Al fin, periodista y fotógrafo pasan a la habitación. No está Sandro, la estrella, sino Roberto Sánchez, el hombre. Está en bata roja, destruido por la gripe, los ojos rojos, la nariz hinchada, la mirada dura y cansada del engripado.
La primera pregunta suena como una estupidez ("¿Cómo está, Sandro?"), pero es lo que sale. Y la respuesta parece corroborarlo: "Y... como me ves.... estaba con un fuerte bajón, como cuando uno no tiene ganas de hacer nada...", contesta. Parece que tenemos que decir gracias y adiós: no estamos entrevistando al ídolo, sino al hombre enfermo, y las respuestas reflejan eso: a cada pregunta le sigue un "no sé", un "puede ser" o un "sí", sin mayores explicaciones.
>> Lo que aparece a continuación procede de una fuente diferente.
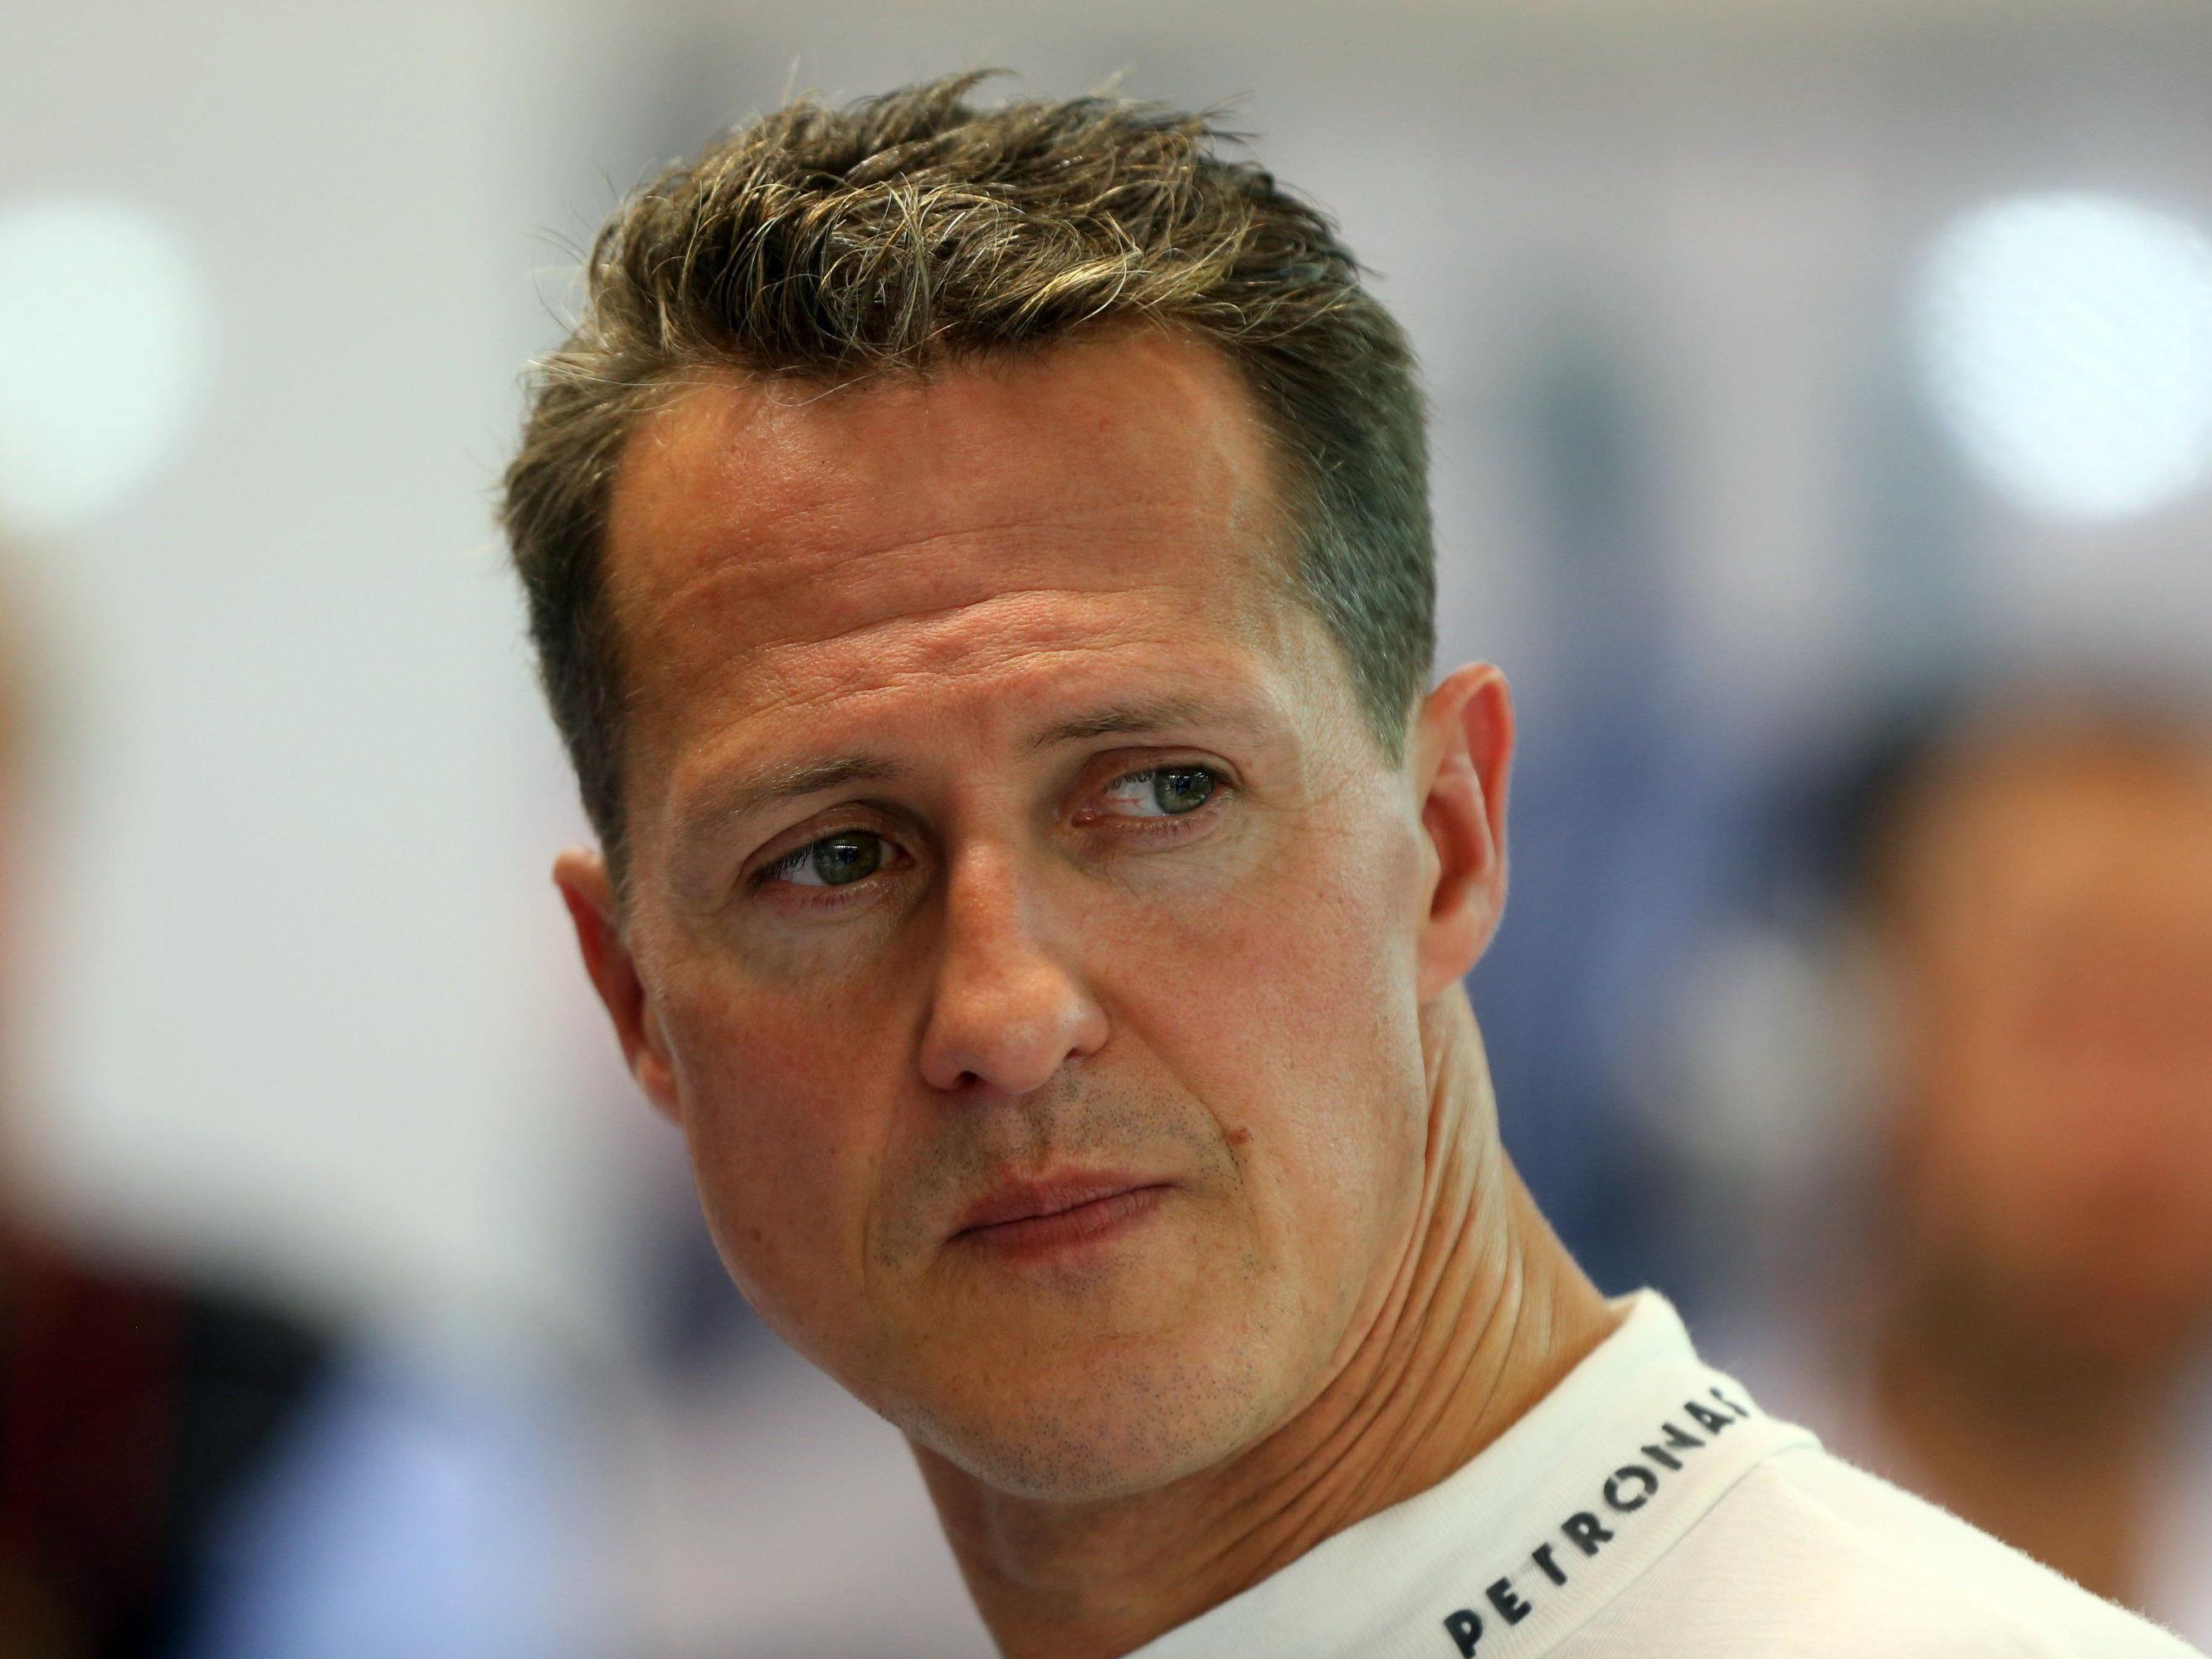 Der Verdächtige, der Schumachers Krankenakte gestohlen haben soll, erhängte sich in seiner Zelle.

La inquietud se transforma en pánico: volver a la Redacción sin declaraciones. Comienza a asaltar la hipocondría del fracaso. La desesperación activa la pregunta salvadora: ¿cómo hace el hombre común, engripado, para que el público pueda tener a su ídolo? Y Sandro comienza a aparecer un poquito: "el público es fantástico, es como una película sin fin... ahí entran los principios elementales que no se modifican, el respeto al público que te obliga a subir a matarte arriba del escenario", dice, y pasa a hablar del show romántico, de su vida privada que mantiene celosamente protegida para guardarse un poco de Sandro, el personaje que le signó la existencia. "En verdad, nunca tuve una vida tranquila; me subí a los 13 años arriba de un escenario y no bajé más. No conozco otra vida que esta", concluye.
El regreso a LA GACETA tuvo el sabor del fracaso. Fue una entrevista difícil. Ahora, casi 19 años después, al reconstruir esta crónica, la frustración se vuelve un raro privilegio: el de haber visto la otra cara del ídolo, que a pesar de estar atrapado por las contingencias de los hombres comunes se dio tiempo para atender al periodista. Al fin y al cabo, las estrellas también se engripan.